Mary Verney looked puzzled. 'Don't be silly,' she said. 'It's a great embarrassment to both of us. Who wants three million dollars? Do you have any idea how difficult it is to manage that amount of dirty money?”

Argyll said he hadn't.

'It's no easy business. I have quite enough, thank you very much, and Taddeo's tastes are terribly modest when he's not in a restaurant. No. We kept the money as we didn't know what else to do. Sabbatini had been killed, the secret services had gone through his apartment. Taddeo knew the murder had to be something to do with the Di Lanna business and simply did not want to get involved.

Can you blame him, considering what's been going on here? If he'd suddenly turned up with the picture, then he would have had to explain how he got it. Much better to convince everyone that the plot was all to do with money by inventing some nonexistent collaborator for Sabbatini and by keeping it all as distant as possible. At least, that seemed the best idea at the time.”

'You could have told Flavia.”

'She would have been obliged to do something. He did his best to keep her out of it and tried to get her to leave well enough alone. If she'd done as she was told and forgotten about it—as the general told her to, the prime minister told her to, Di Lanna told her to and, I imagine, you told her to as well—then all would have been well. As it is, we now have a mess on our hands.”

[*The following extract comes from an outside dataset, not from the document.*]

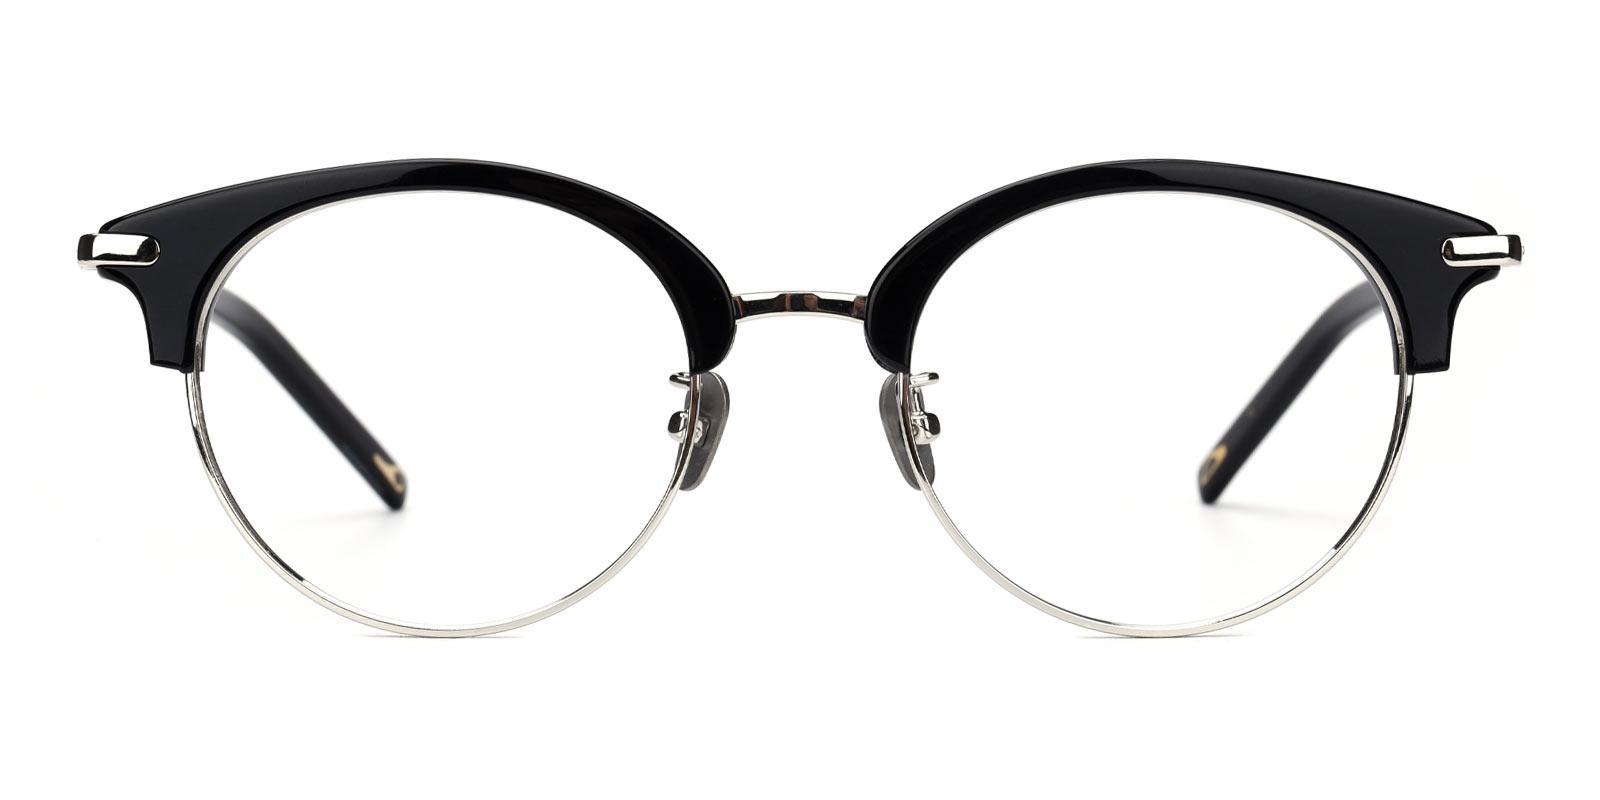 Jodie-Black-Browline-Titanium-Eyeglasses-additional2

'You can't blame her for all this.”

'I'm not blaming anyone. All I know is, if Taddeo had just turned up and handed in the picture, people would have asked how he got it.”

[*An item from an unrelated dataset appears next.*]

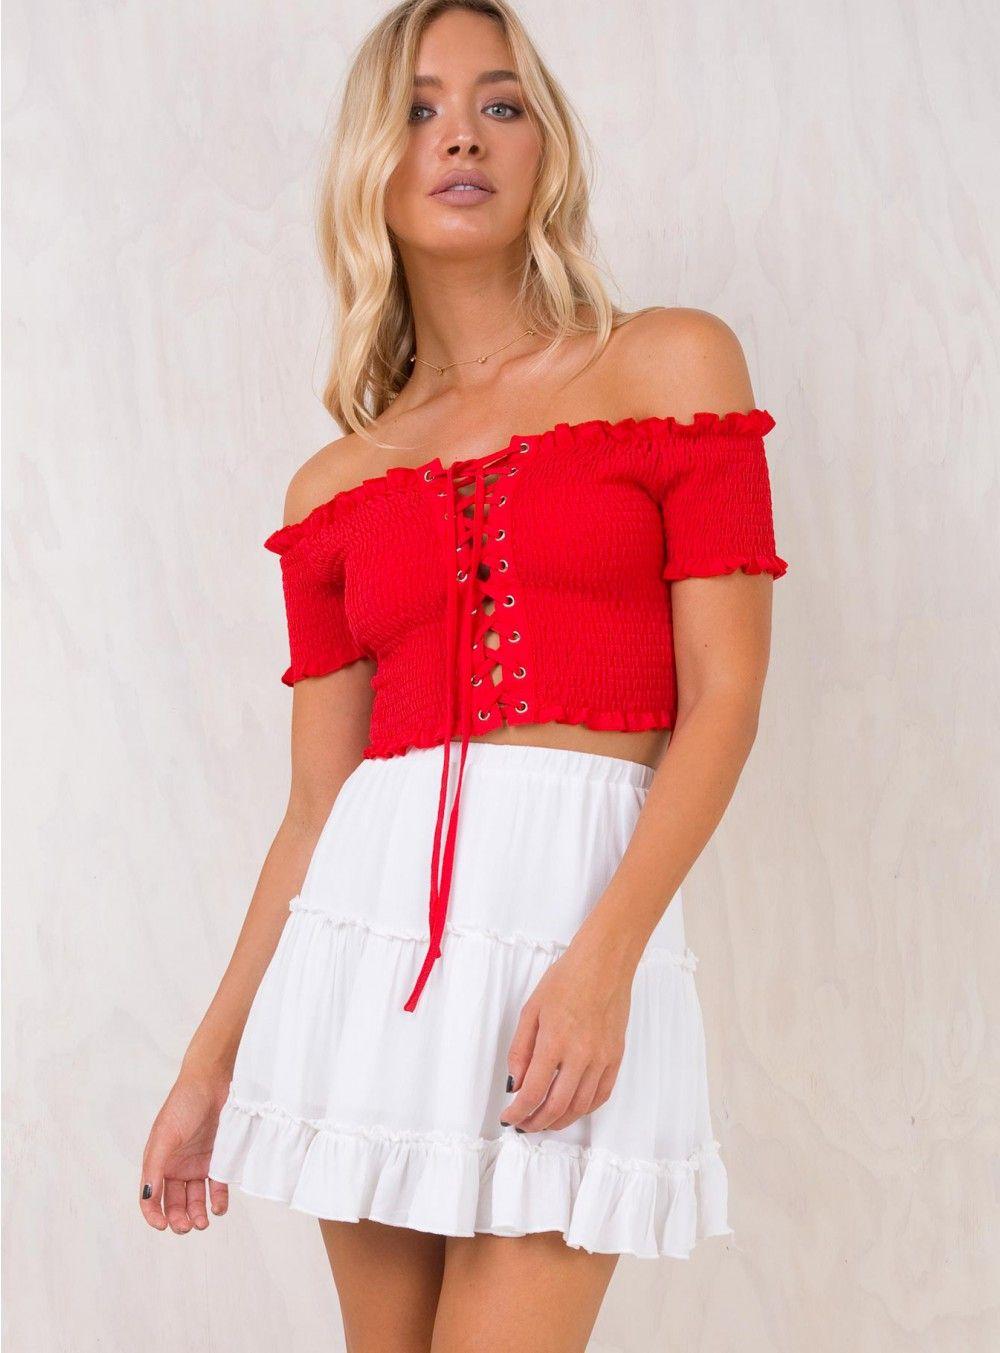 bb29e10384 Marlowe Mini Skirt Outfit Posts

'You could have found it in a ditch.”

'Don't be silly. We couldn't get away with that approach twice. Nearly didn't the first time. Now. Will you please clean up this mess?”

'Just a second,' Argyll said sternly. 'I didn't mean last week. I meant now. You could have told her now that you had the money. Why didn't you?' He scrutinized her face very closely. 'You're going to keep it, aren't you,' he said accusingly.

At least she had the grace to look a little embarrassed.

'After forty years of impeccable, legendary honesty, Bottando comes across you again and within weeks he's walking off with three million dollars stuffed down his trouser leg.' He shook his head. 'You really are quite something.”

'We can worry about all that later,' she said, pointing once more to Dossoni.

'Let's worry about it now.”

'Why?”

'Because you have more money than you need, so you say, and, thanks to you two geriatric hooligans, Flavia is out of a job. And because if you didn't have dishonorable notions about hanging on to the stuff, you would have had no trouble telling Flavia all about it. But you didn't. Bottando told her a direct lie and said he'd handed over the money. A lie, which speaks volumes.”

She grimaced in the manner of someone about to explain something very simple to someone even simpler.

'Jonathan, what were we meant to do with the money? It would have been such a waste to give it back. After all, it was the price of getting the picture back and the picture was returned. I recovered it. And I don't work for nothing, you know.”

'And Bottando agreed?”

'After I'd worked on him a bit. It's remarkable the effect being eased out of a job has on even the most upright of people.”

'Well, I'm not going to be the one to tell all this to Flavia.”

'I should hope not. She'd be most upset. She quite possibly wouldn't understand.”

'But silence, as they say, is an expensive commodity. So we might be able to help each other.”

Mary Verney looked closely at him. 'Dear me,' she said. 'So much for the quiet and inoffensive scholar routine.”

'It's the company I keep,' he replied. 'It rubs off on you. Besides, we putative fathers have to go a-hunting and a-gathering, you know.”